Production Deployment

This page walks through the train → save → reload → predict on new data lifecycle for FLAML models, with a focus on the gotchas that surface in production but not in the quick-start tutorials. Each section is a self-contained pattern with runnable code and a pointer to the issue or PR that motivated it.

Scope

You have called AutoML.fit(...) once on training data and now need to:

Serialize the trained model so that a separate process can load and use it.
Score new (unseen) input rows that may contain categorical features, new categorical values, or a slightly different class distribution.
Reach into individual ensemble component models (automl.model.estimators_[i]).
Pass sample weights at training time, and understand what predict() does (and does not) accept at inference time.
Avoid the common silent-correctness bugs reported in #1101 (categorical encoding drift) and #1136 (ensemble component prediction).

What this page does not cover: training-time configuration (see Task-Oriented AutoML), zero-shot estimators (see Zero-Shot AutoML), or distributed/Spark deployment.

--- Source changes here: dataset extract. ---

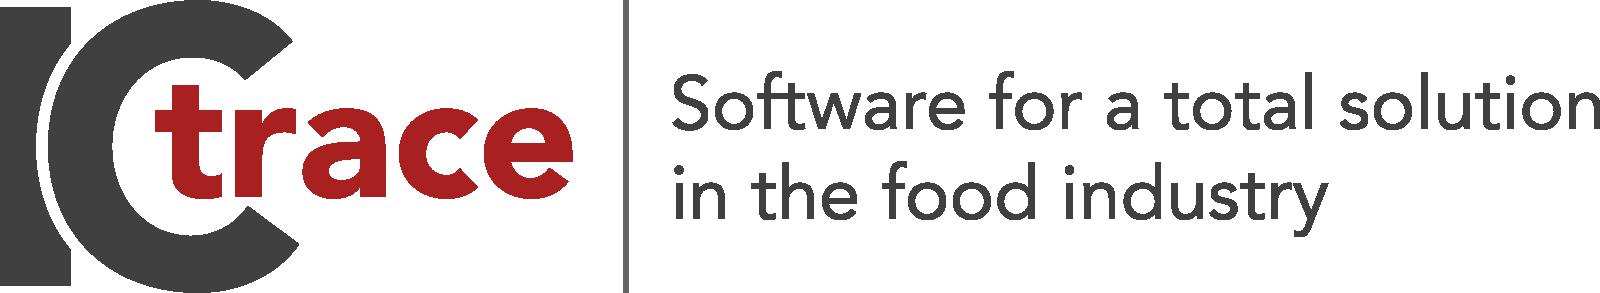 2019 07 15 Logo IC Trace

1. Save and reload the trained model

1.1 `automl.pickle()` — recommended default

automl.pickle() writes the entire AutoML instance, including the data transformer, the best estimator, and the search history. AutoML.load_pickle() restores it in another process. This is the simplest reliable path for FLAML.

import numpy as np
import pandas as pd
from flaml import AutoML

X = pd.DataFrame(
    {
        "age": np.random.randint(20, 70, 400),
        "income": np.random.normal(50000, 15000, 400),
        "gender": np.random.choice(["M", "F"], 400),
        "education": np.random.choice(["HS", "BS", "MS", "PhD"], 400),
    }
)
y = (X["age"] > 40).astype(int)

automl = AutoML()
automl.fit(X, y, task="classification", time_budget=5, estimator_list=["lgbm"])
automl.pickle("automl.pkl")

# In a different process:
loaded = AutoML.load_pickle("automl.pkl")
assert np.array_equal(automl.predict(X), loaded.predict(X))

Use automl.pickle() whenever possible. It is the only path that preserves everything needed at inference time (data transformer included), so the categorical-encoding behavior described in section 3 is reproduced correctly.

1.2 MLflow logging — for MLflow-managed deployments

If your serving stack is built around MLflow, log the trained AutoML instance explicitly via the sklearn flavor. This works because the AutoML object exposes a sklearn-compatible predict/predict_proba API.

import mlflow
import numpy as np
from sklearn.datasets import load_iris
from sklearn.model_selection import train_test_split
from flaml import AutoML

X, y = load_iris(return_X_y=True, as_frame=True)
X_train, X_test, y_train, y_test = train_test_split(
    X, y, test_size=0.2, random_state=42
)

mlflow.set_experiment("flaml_prod")
automl = AutoML()
with mlflow.start_run() as run:
    automl.fit(
        X_train, y_train, task="classification", time_budget=5, mlflow_logging=False
    )
    mlflow.sklearn.log_model(automl, artifact_path="flaml_model")
    run_id = run.info.run_id

loaded = mlflow.sklearn.load_model(f"runs:/{run_id}/flaml_model")
assert np.array_equal(automl.predict(X_test), loaded.predict(X_test))

Two practical notes:

mlflow_logging=False disables FLAML's built-in MLflow autologging path inside fit. With it enabled, MLflow auto-saves an artifact under runs:/{run_id}/model, but on recent MLflow versions reloading that artifact via mlflow.sklearn.load_model can return an unfitted Pipeline. The explicit mlflow.sklearn.log_model(automl, ...) call above sidesteps that issue.
The argument is artifact_path= (not name=) in MLflow 2.x.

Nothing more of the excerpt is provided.